WO2007039870A2 - Composite metal matrix materials based on titanium and their use for the production of cutting tools - Google Patents

Abstract

Composite material, useful especially for manufacturing cutting tools, including a metal matrix containing strengthening particles, where the matrix is a titanium alloy including alloying elements chosen among copper, nickel, aluminium and their mixtures. It is preferred that the material of the matrix is cobalt free. The materials are useful for manufacturing cutting tools, as replacement of the conventional cobalt matrix composites and they go over the environmental and health risks related to the production and use of conventional cobalt based composites.

Description

Composite metal matrix materials based on titanium and their use for the production of cutting tools

The present invention deals with composite materials comprising a metal matrix, including strengthening particles and their use for manufacturing cutting tools.

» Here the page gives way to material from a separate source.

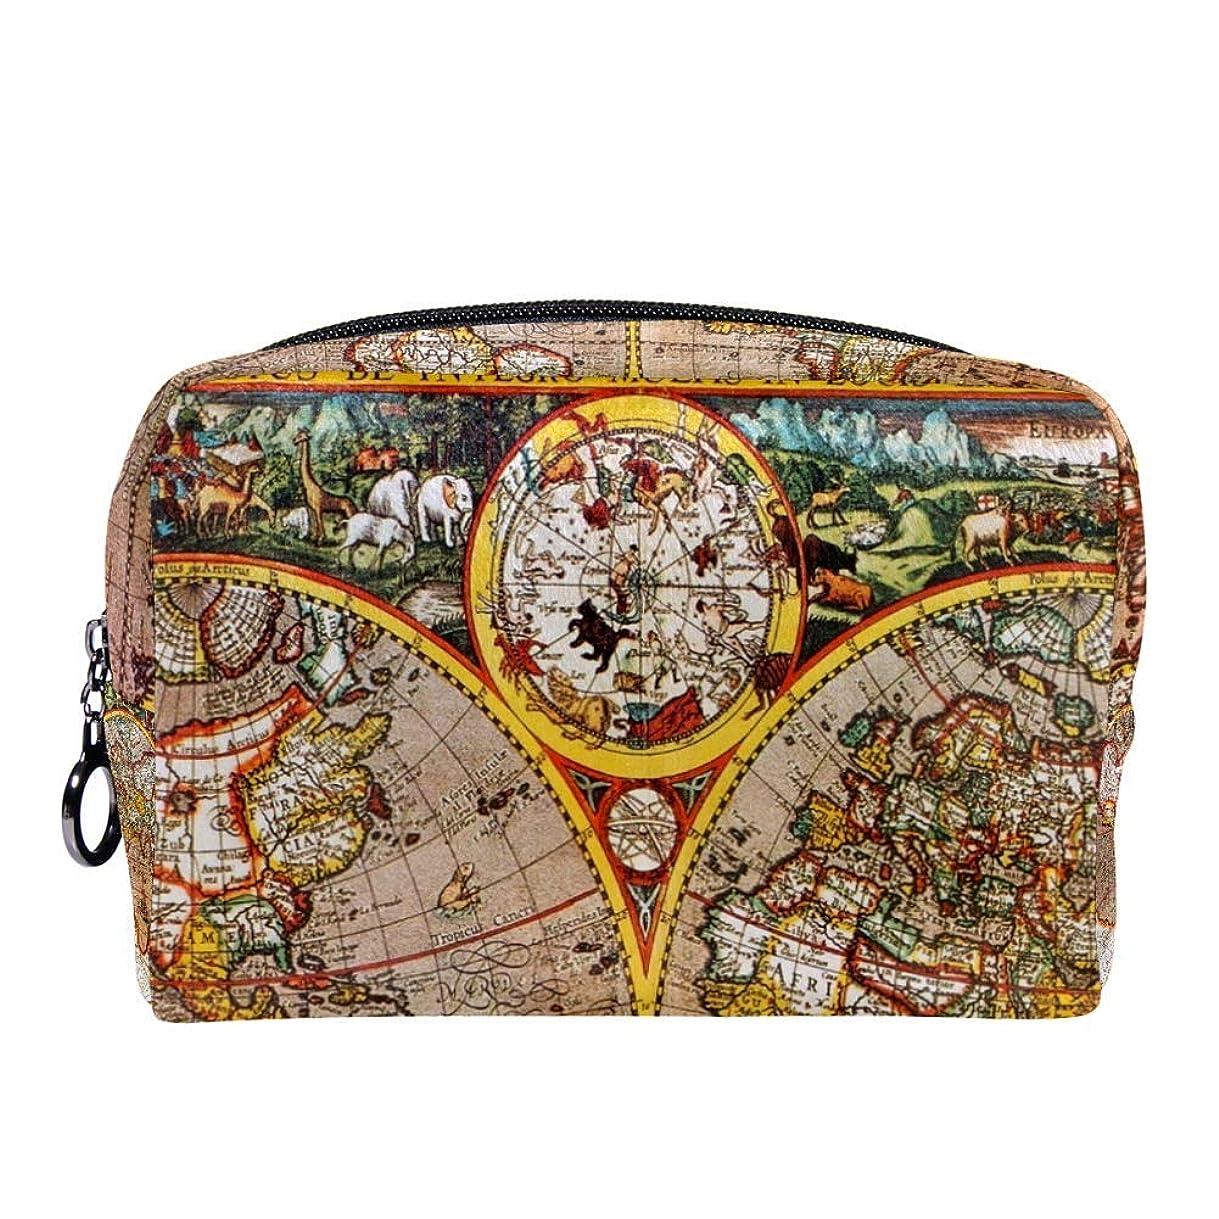 軽減する雑多なスリップシューズDragon Sword 化粧ポーチ 古い 復古 世界地図 コスメポーチ メイクポーチ コンパクト ふわふわ 化粧品収納 小物入れ 18x7x13cm 出張 旅行 プレゼント

The most part of cutting tools are currently made by using composite materials based on a cobalt matrix, and they are reinforced by tungsten carbide (cemented carbides or hard metal, cermets) or diamond (diamond tools) . They are mainly manufactured by sintering fine powders (about 1 μm) at high temperature. These materials show an excellent wear resistance: the trade mark WIDIA, which is their commercial name, means a material similar to diamond. The diamond tools we will speak about are those for the machining of hard stones, as for instance granite or natural stone of Luserna (Italy) .

The exposure to powders during manufacturing or use of all these tools can generate a lung pathology called "Hard metal Lung Disease". The labelling of the mixtures of Co and WC powders must reproduce the word "toxic" and a symbol representing the cancerous nature of the mixture when it is breathed, according to the Directive 2001/58/CE.

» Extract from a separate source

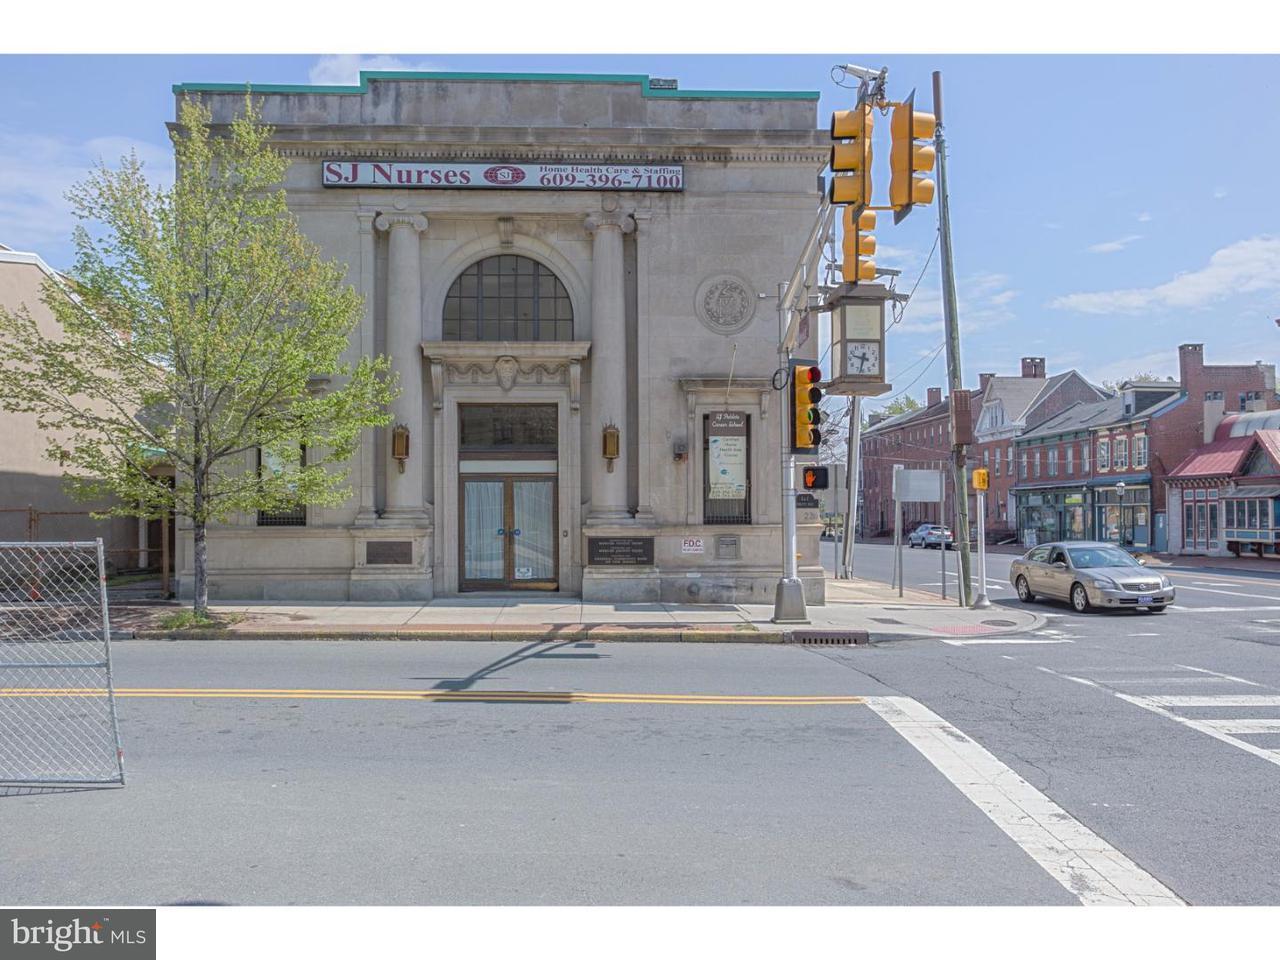 단독 가정 주택 용 매매 에 226 S BROAD Street Trenton, 뉴저지 08360 미국에서/약: Trenton City

Some recent epidemiological researches and some in vitro and in vivo tests show that hard metals can be involved as causes of bronchial cancer. They were performed studying workers employed as manufacturers of these products. This suspect of potential cancerous nature was considered highly probable in a recent report of the International Agency for Research on Cancer (October 2003) . >The high professional hazard due to the exposure to cobalt powders was also revealed by a recent research performed by ARPA by studying some manufacturers of diamond tools in the Turin area (M.Fontana et al . - Proceedings of the 19^th National Congress AIDII 2001) .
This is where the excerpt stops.